§ **Stored data**:
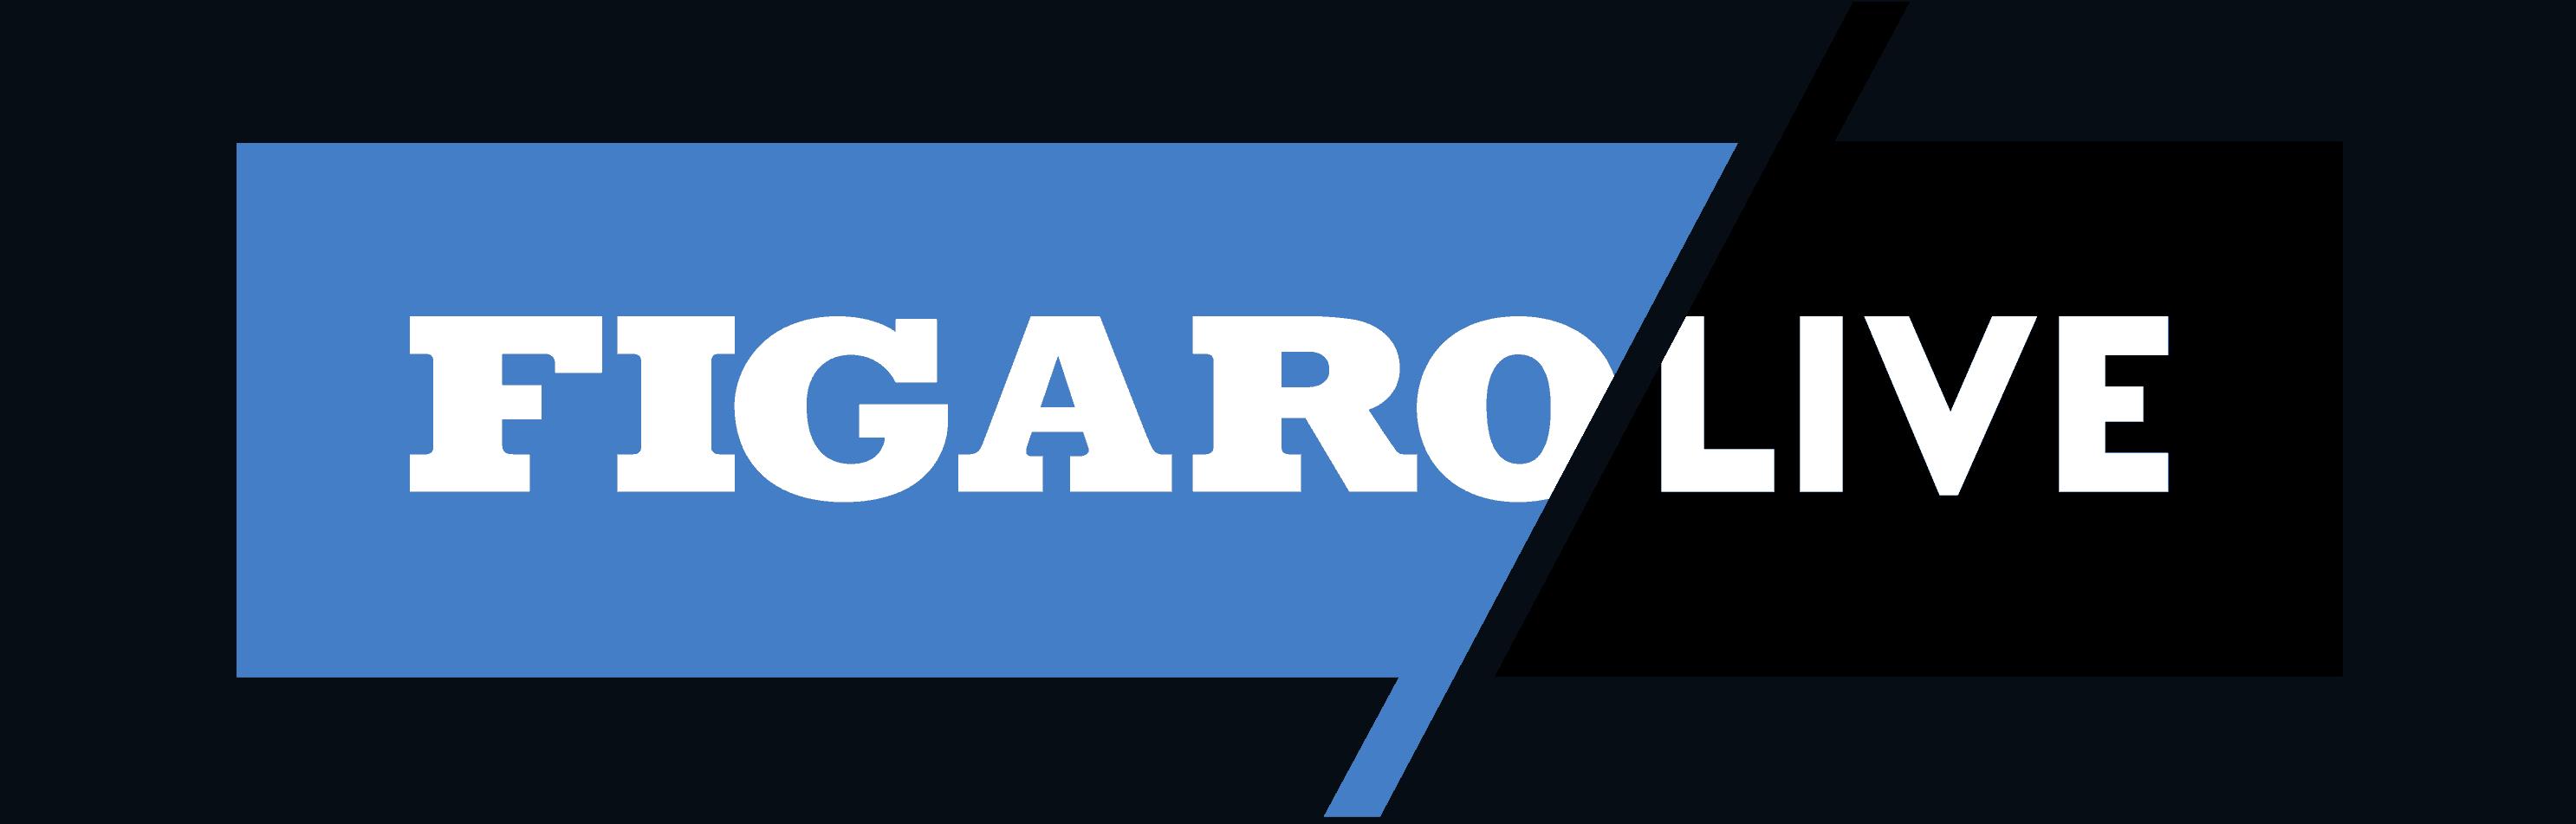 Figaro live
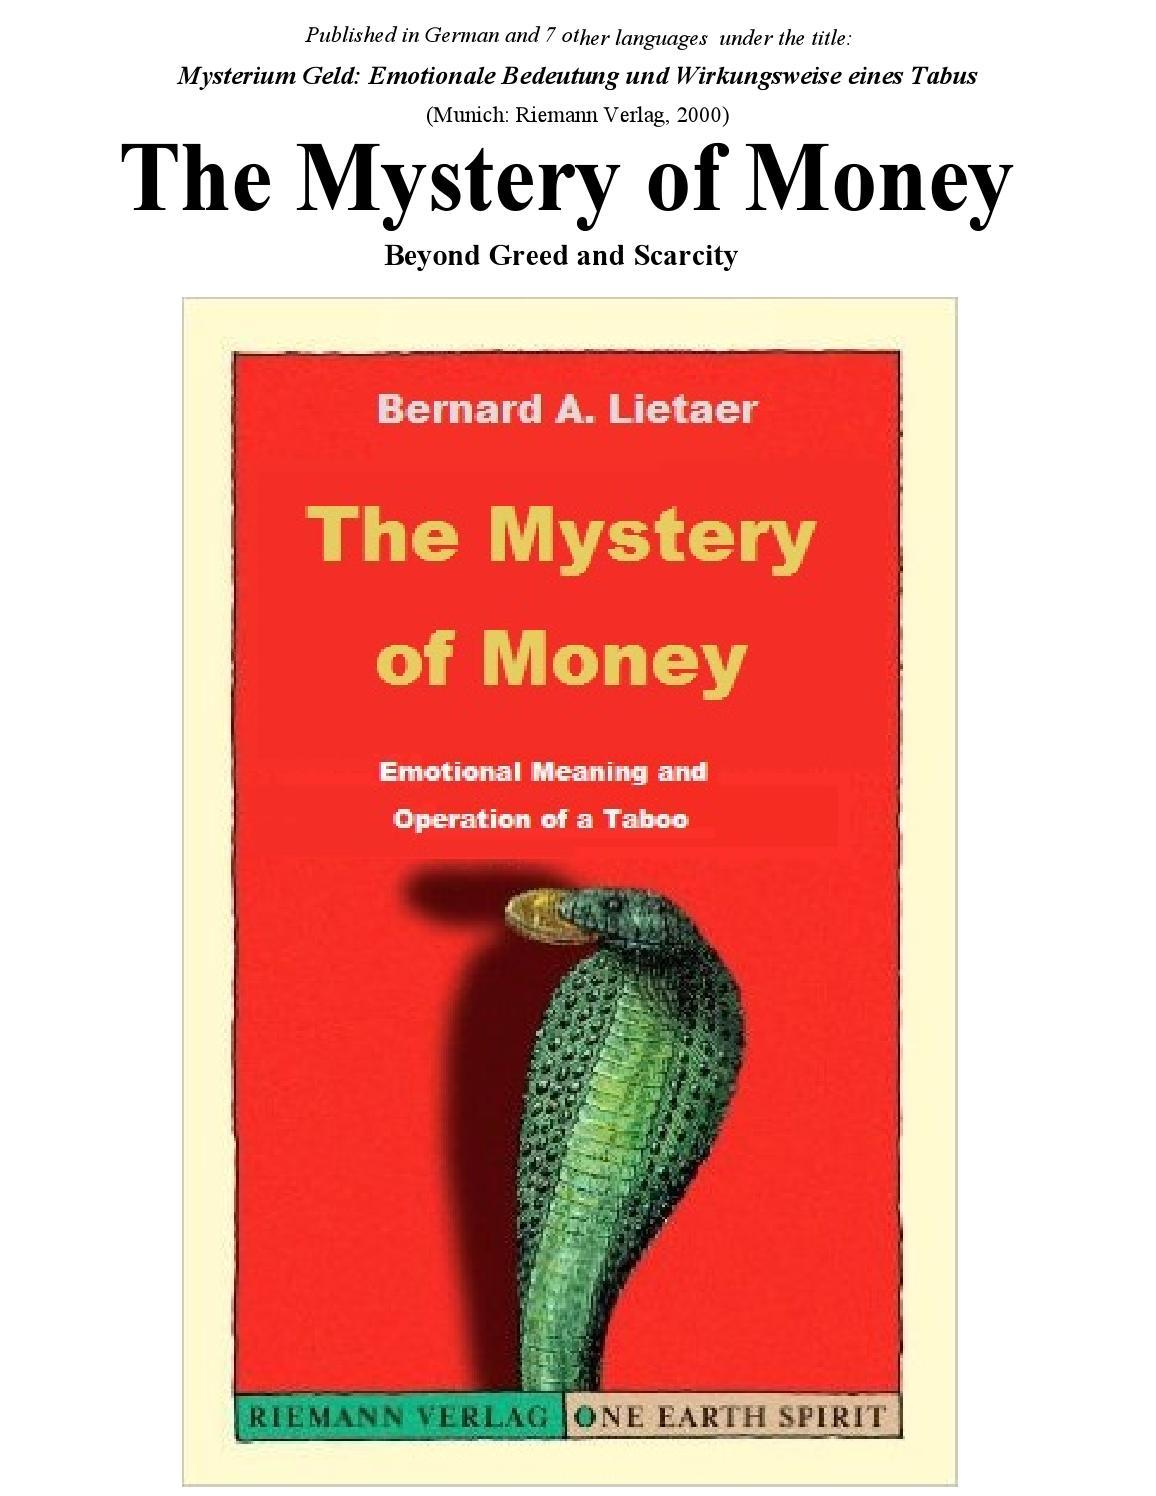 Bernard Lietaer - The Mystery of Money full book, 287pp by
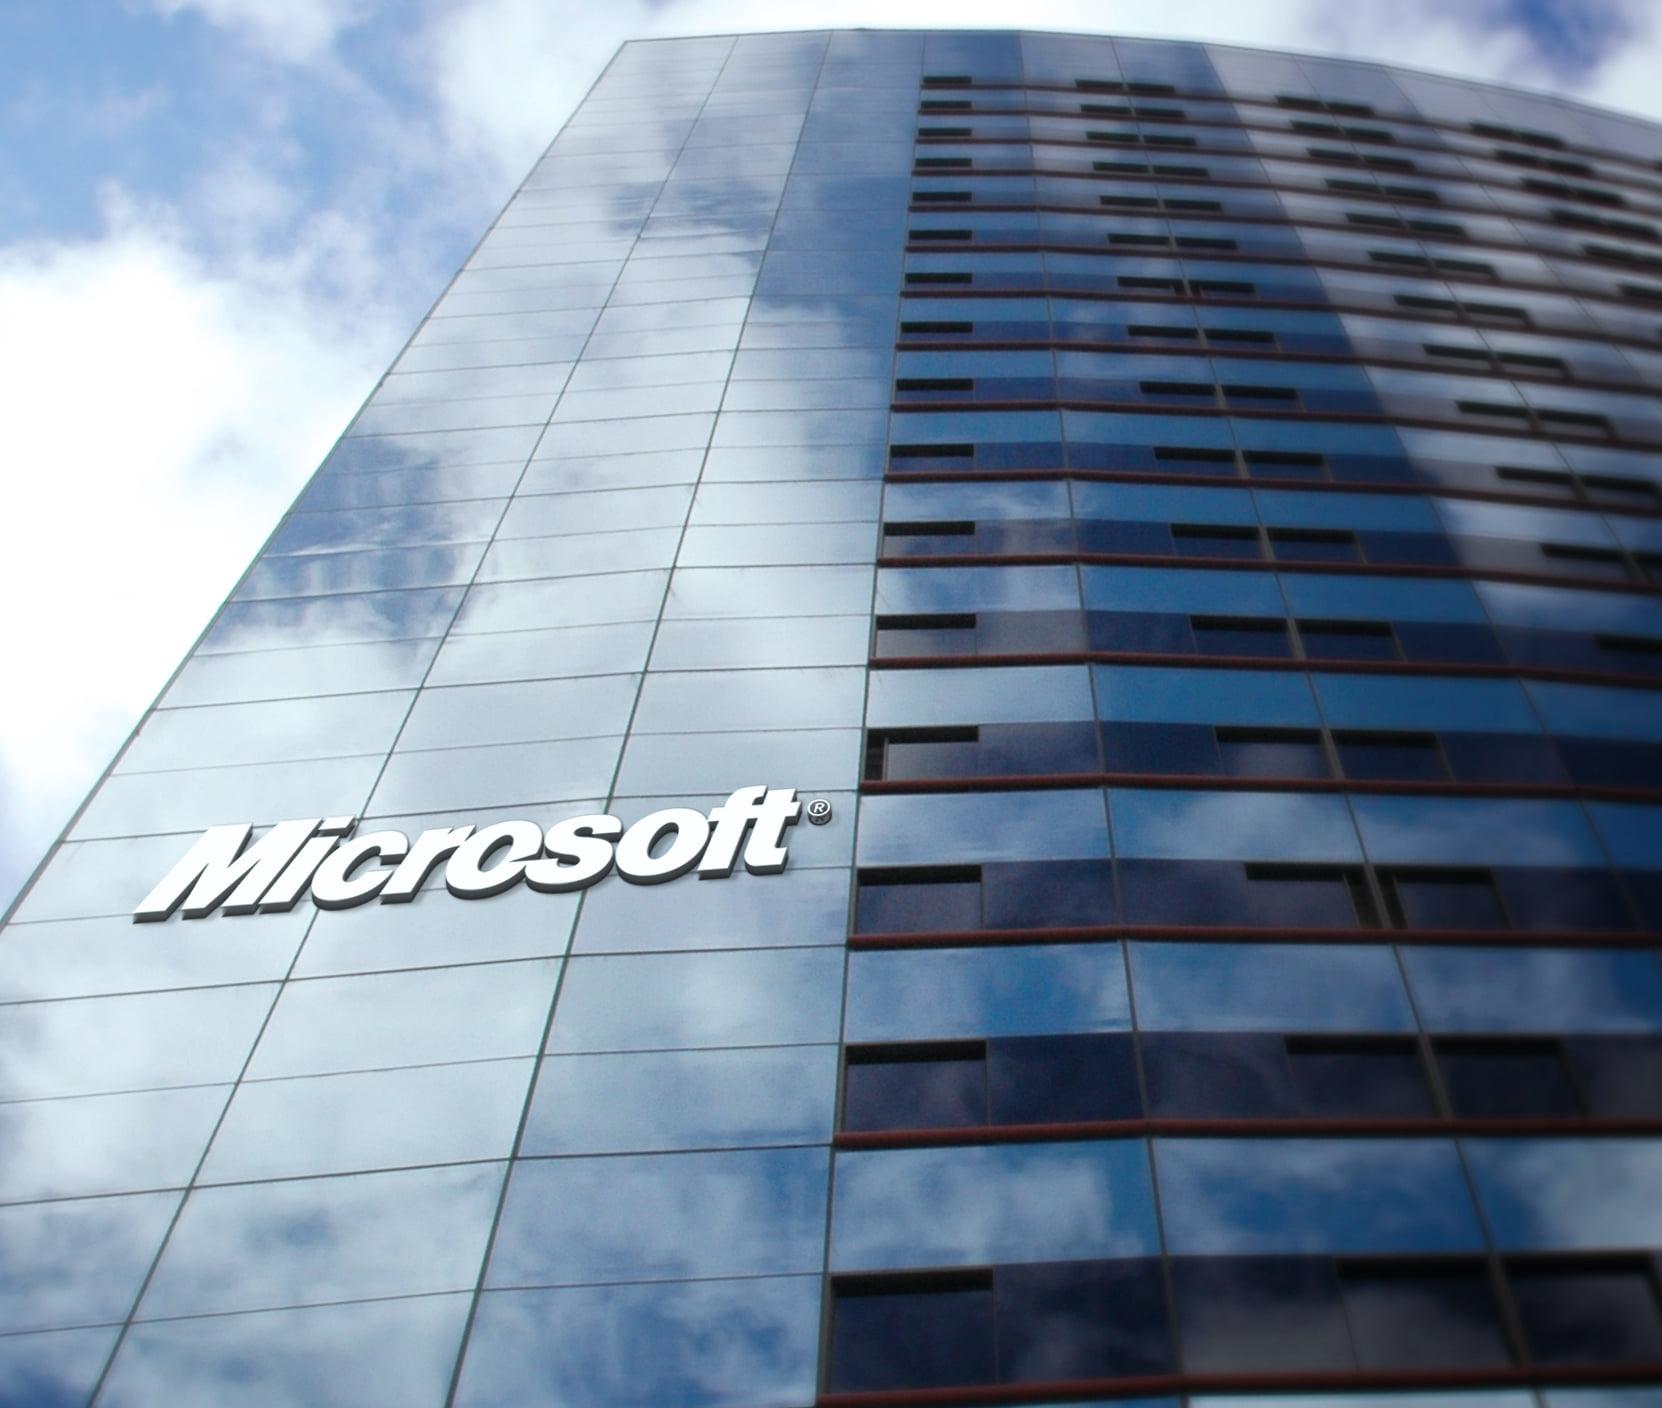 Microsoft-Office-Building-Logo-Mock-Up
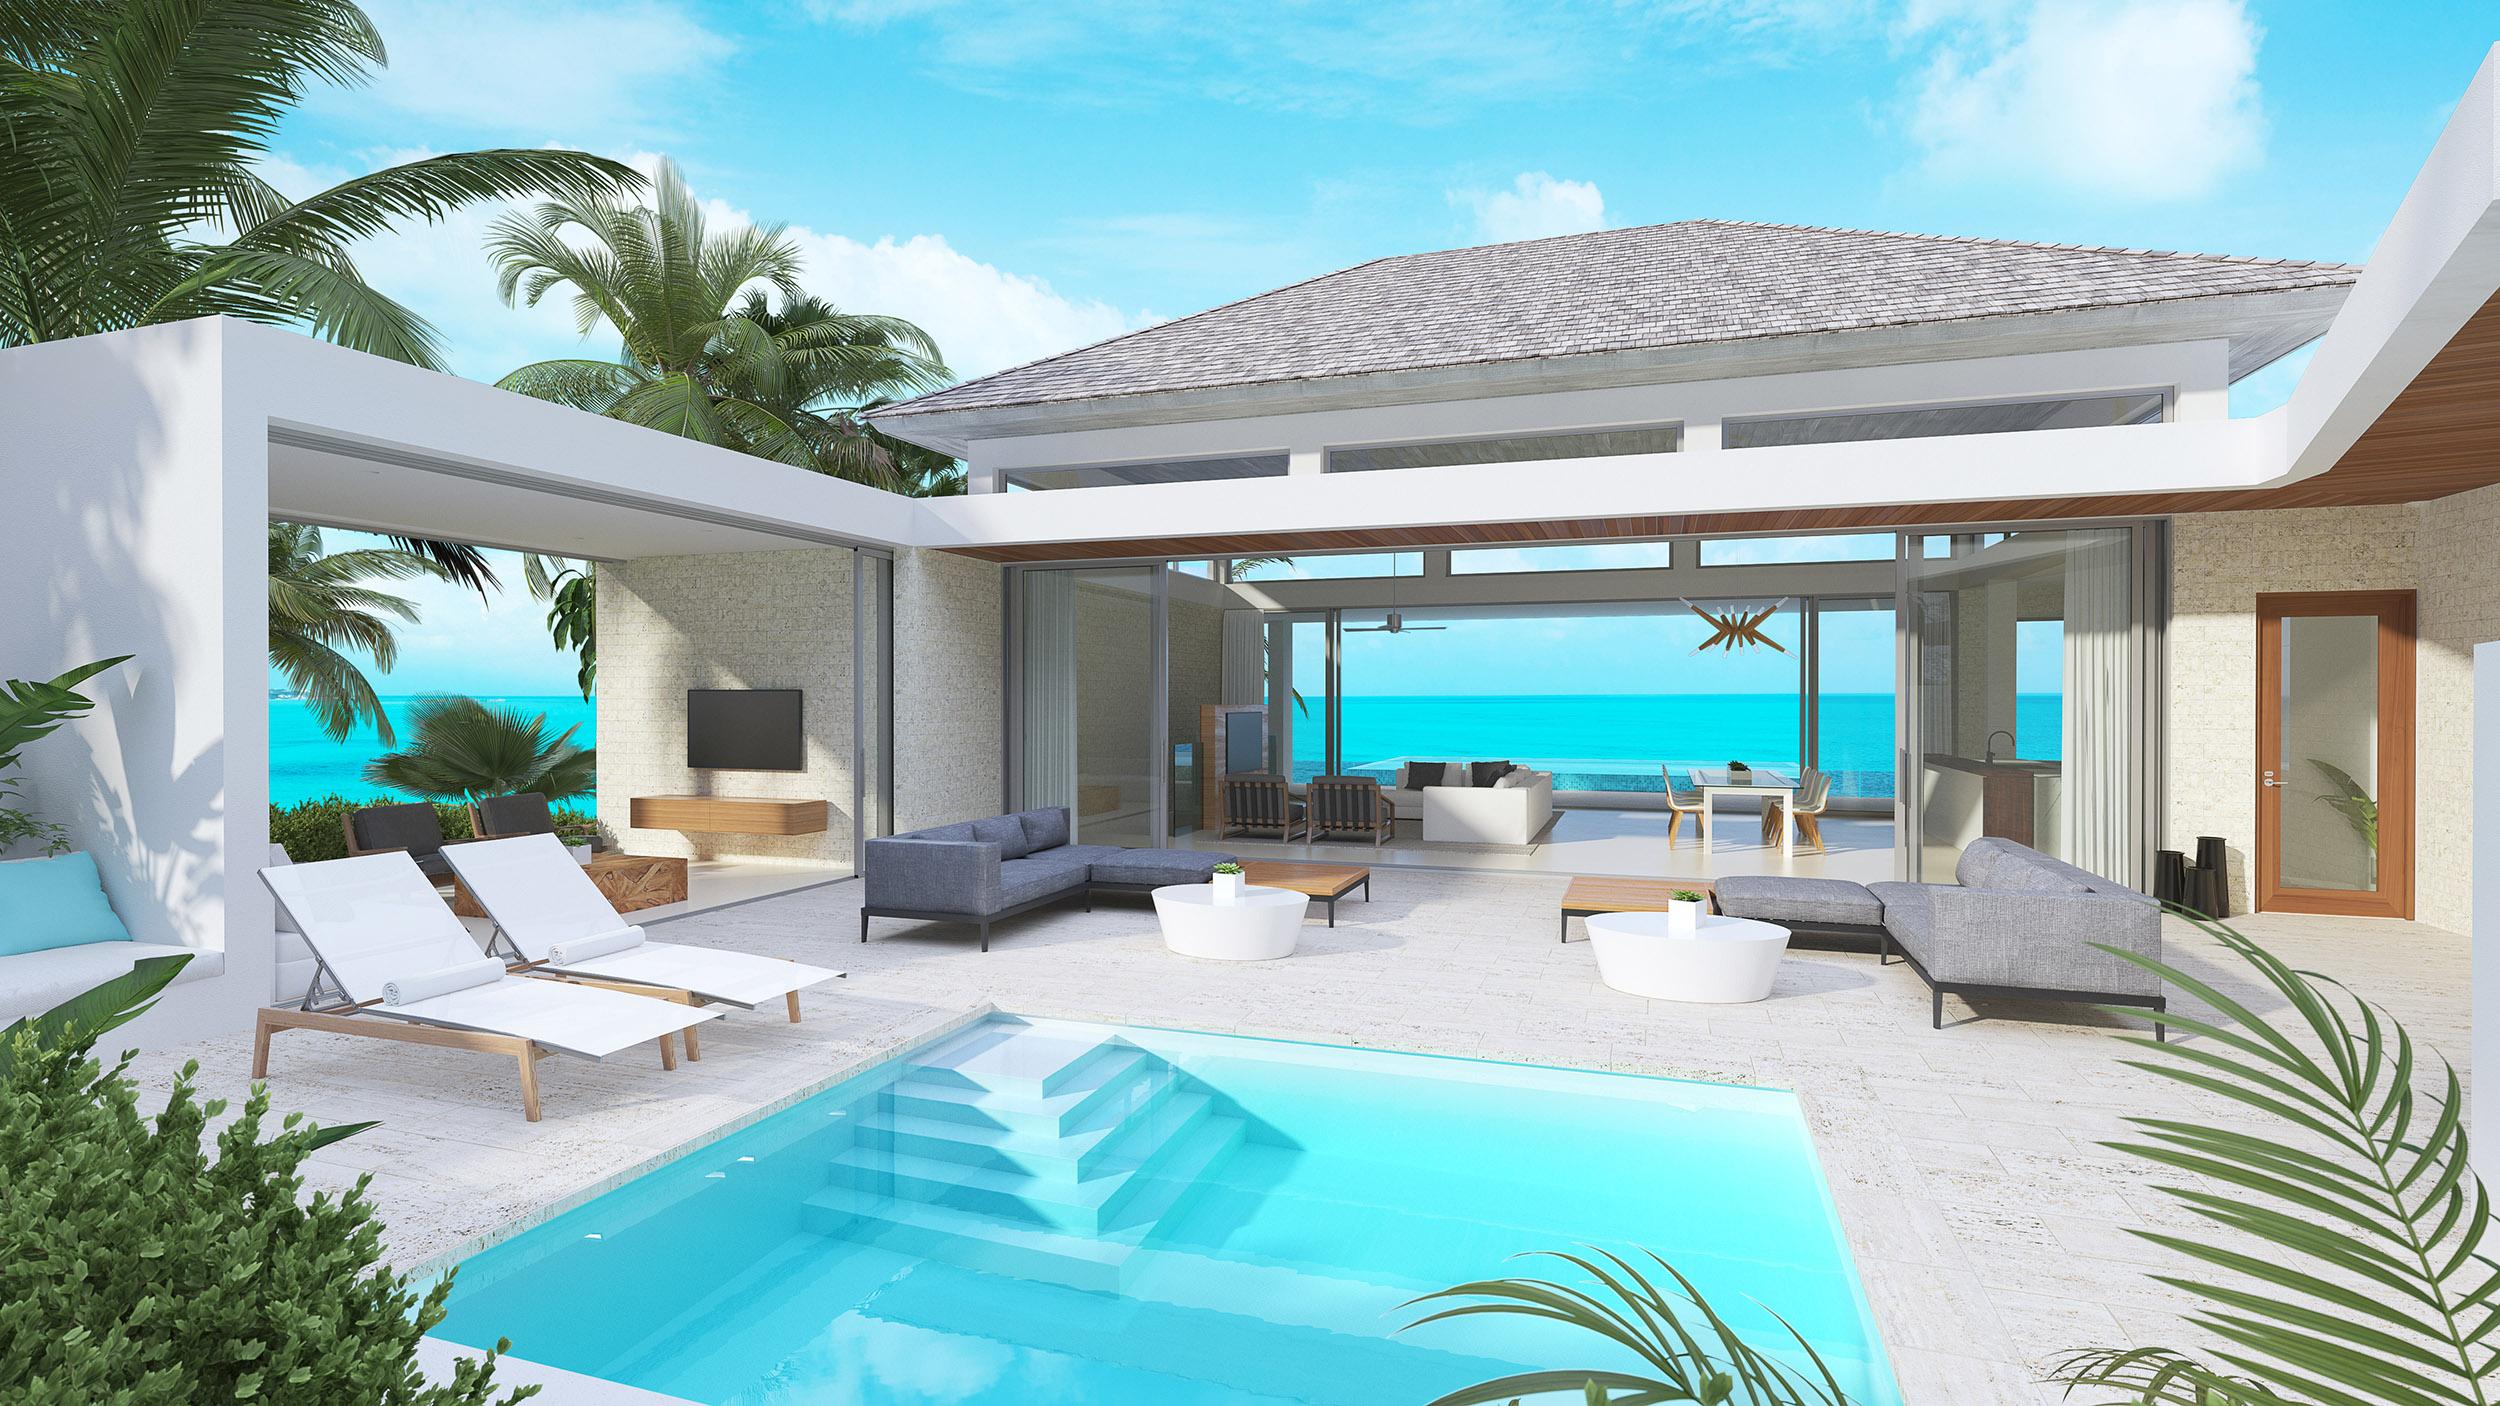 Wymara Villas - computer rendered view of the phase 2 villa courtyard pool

§ **To do**: The data shown above must be printed again exactly, with no images included.

§ **Answer to this task**:
 Figaro live
 Bernard Lietaer - The Mystery of Money full book, 287pp by
 Microsoft-Office-Building-Logo-Mock-Up
 Wymara Villas - computer rendered view of the phase 2 villa courtyard pool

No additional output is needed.